* **Data provided**:
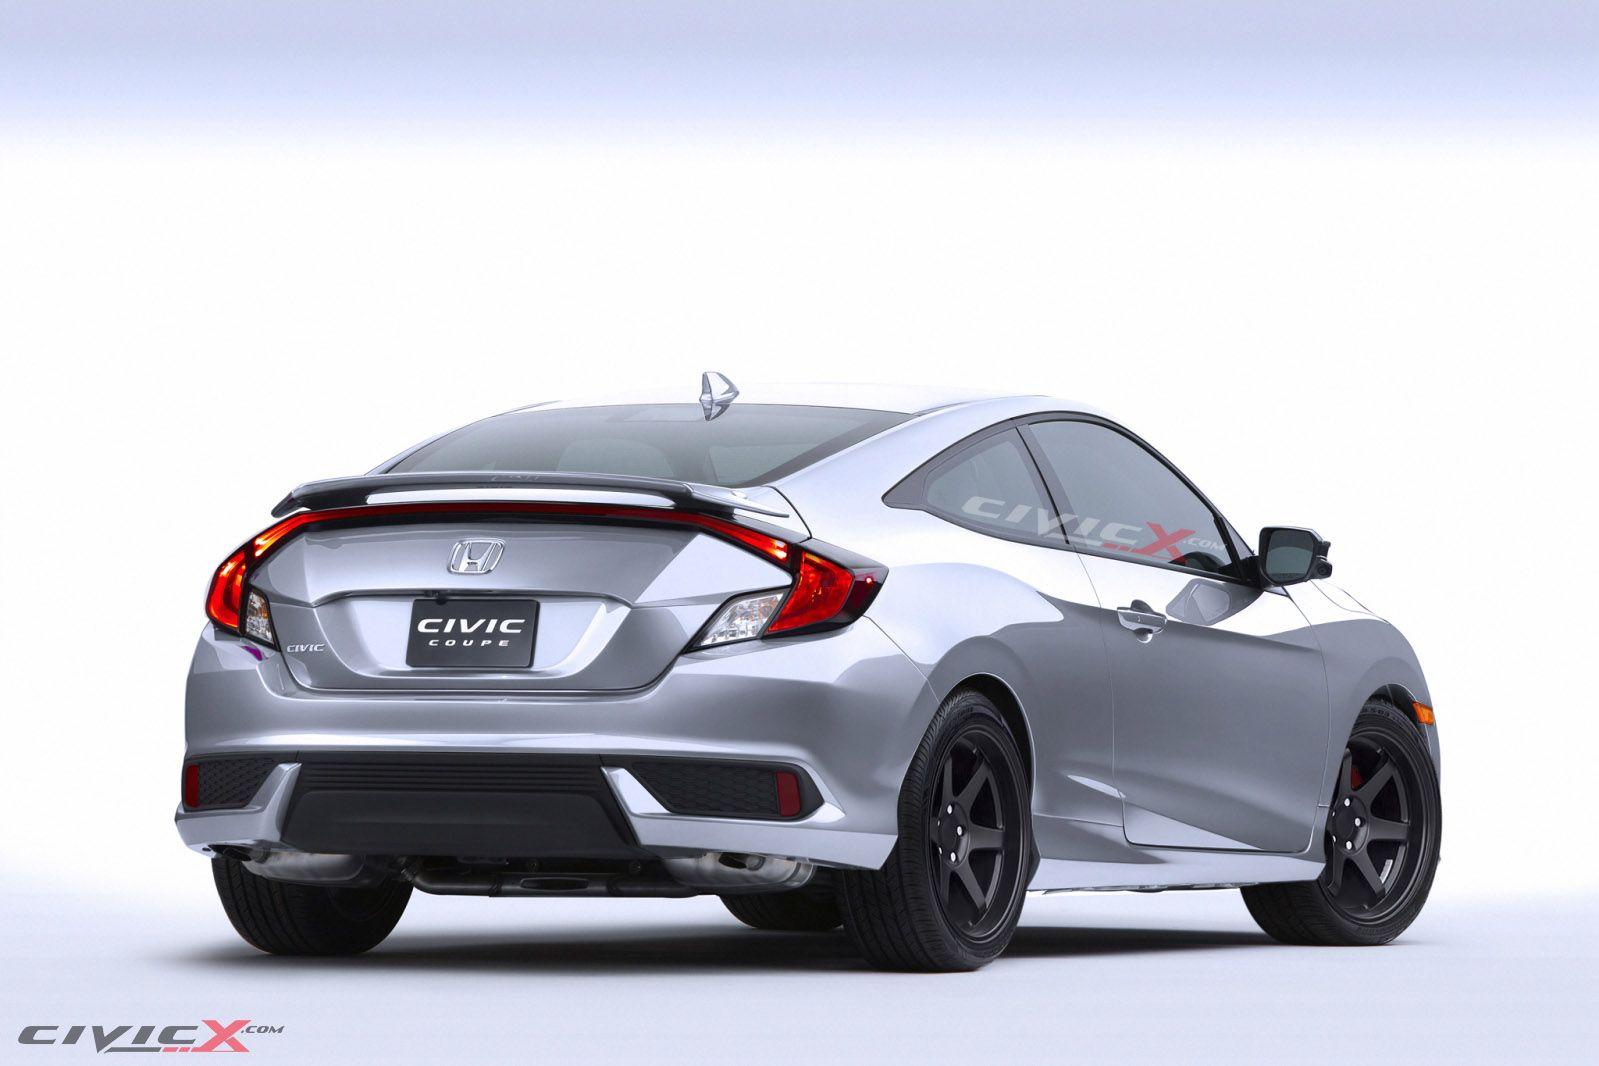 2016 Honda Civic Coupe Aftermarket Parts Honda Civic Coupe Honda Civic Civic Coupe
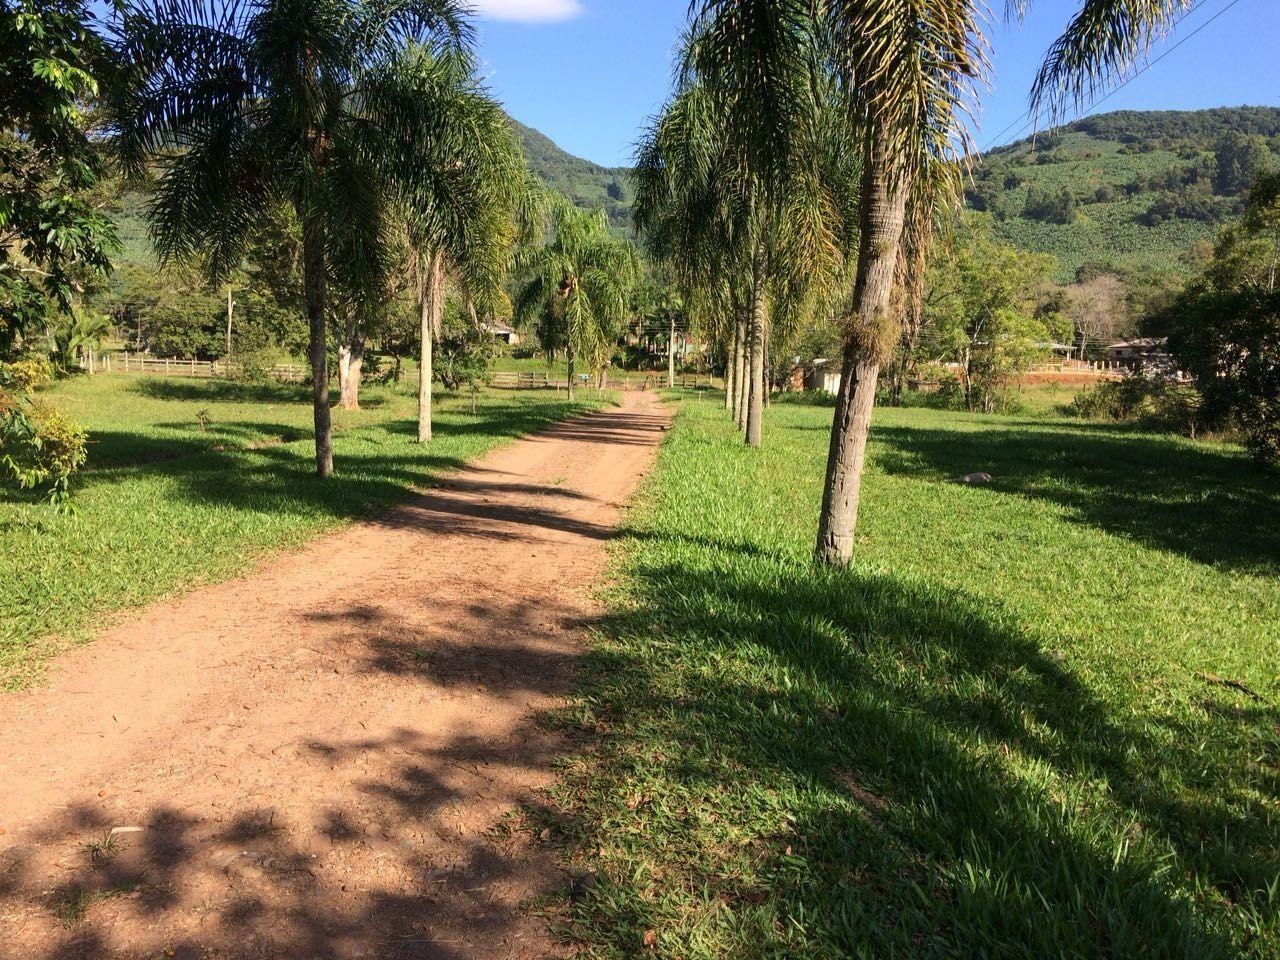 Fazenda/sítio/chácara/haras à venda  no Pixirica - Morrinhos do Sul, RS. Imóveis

==

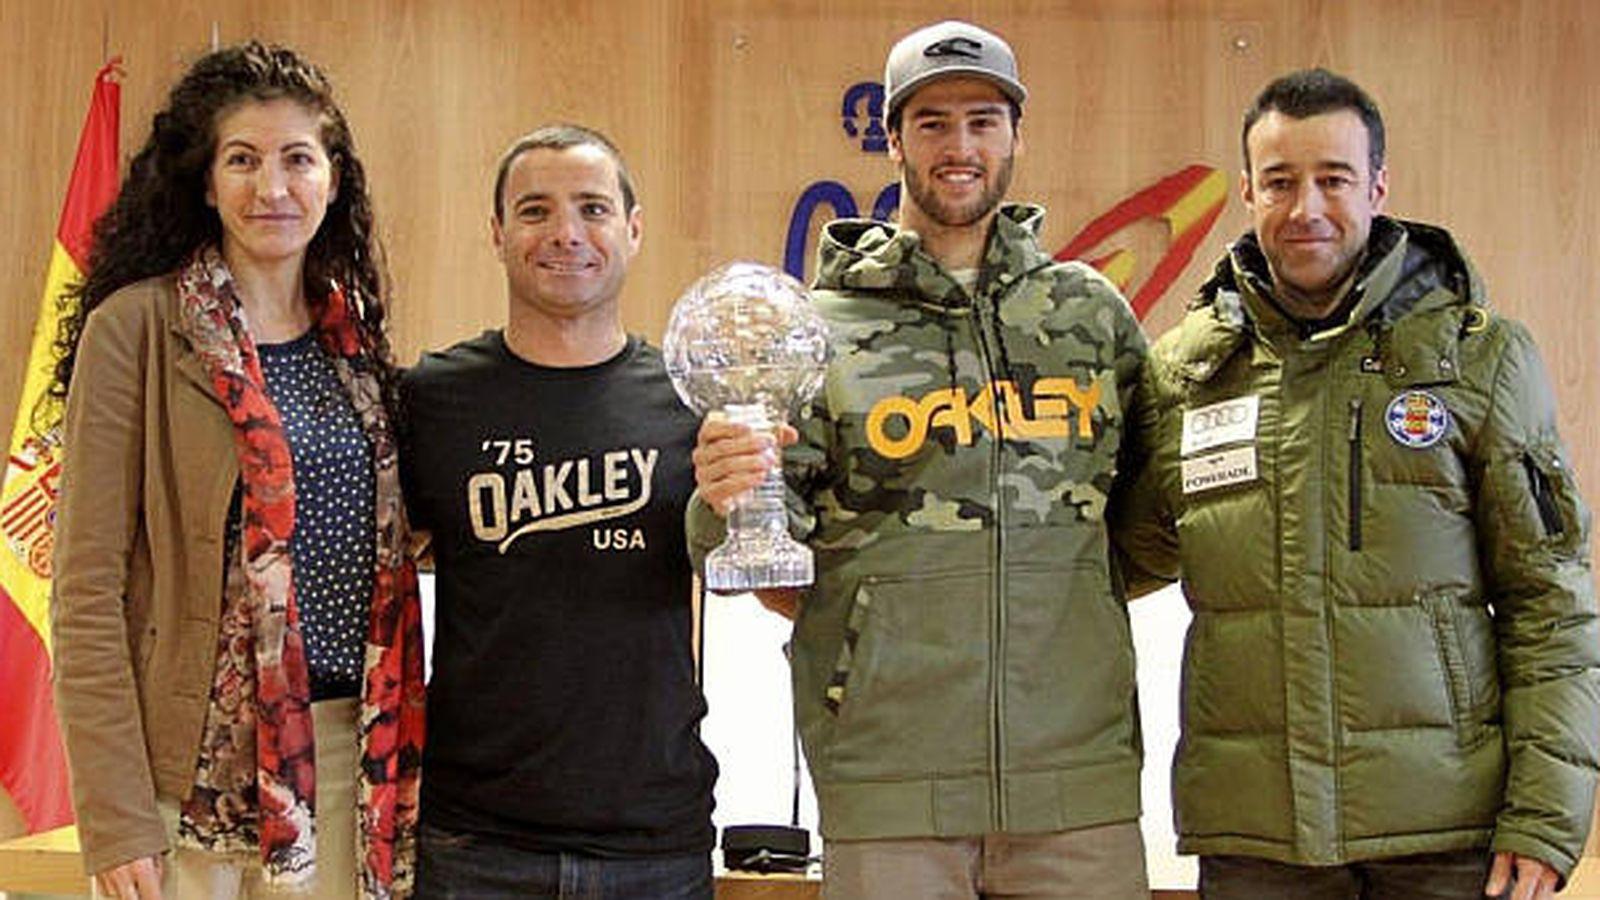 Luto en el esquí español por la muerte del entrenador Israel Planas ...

--

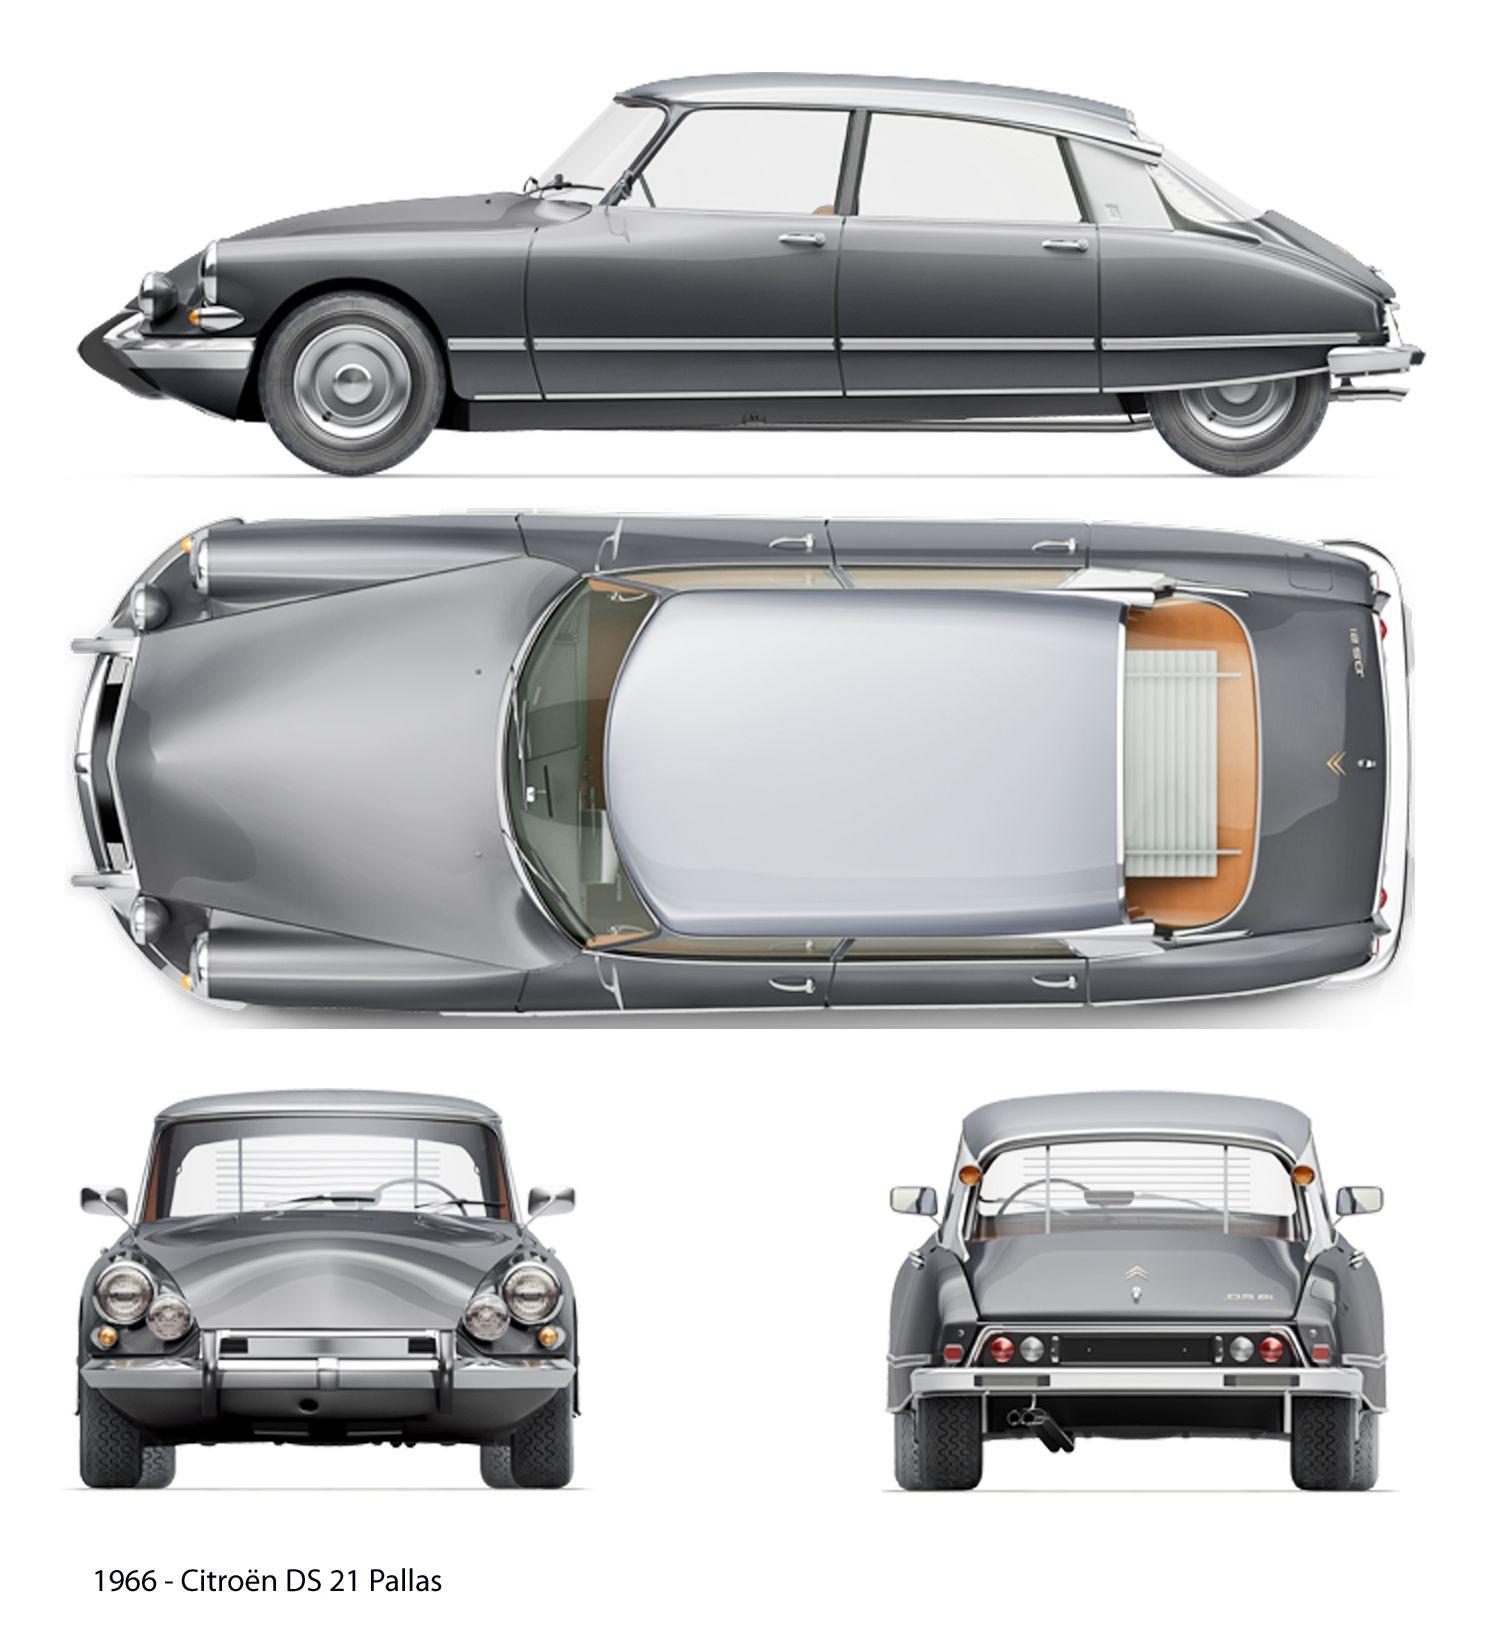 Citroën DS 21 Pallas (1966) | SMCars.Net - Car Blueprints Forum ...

* **What you should do**: Above are the records; copy exactly the lines from the one with "2016 Honda Civic" through the one with "Fazenda/sítio/chácara/haras à venda", including both, and nothing more. Leave out pictures.

* **Task solution**:
 2016 Honda Civic Coupe Aftermarket Parts Honda Civic Coupe Honda Civic Civic Coupe
 Fazenda/sítio/chácara/haras à venda  no Pixirica - Morrinhos do Sul, RS. Imóveis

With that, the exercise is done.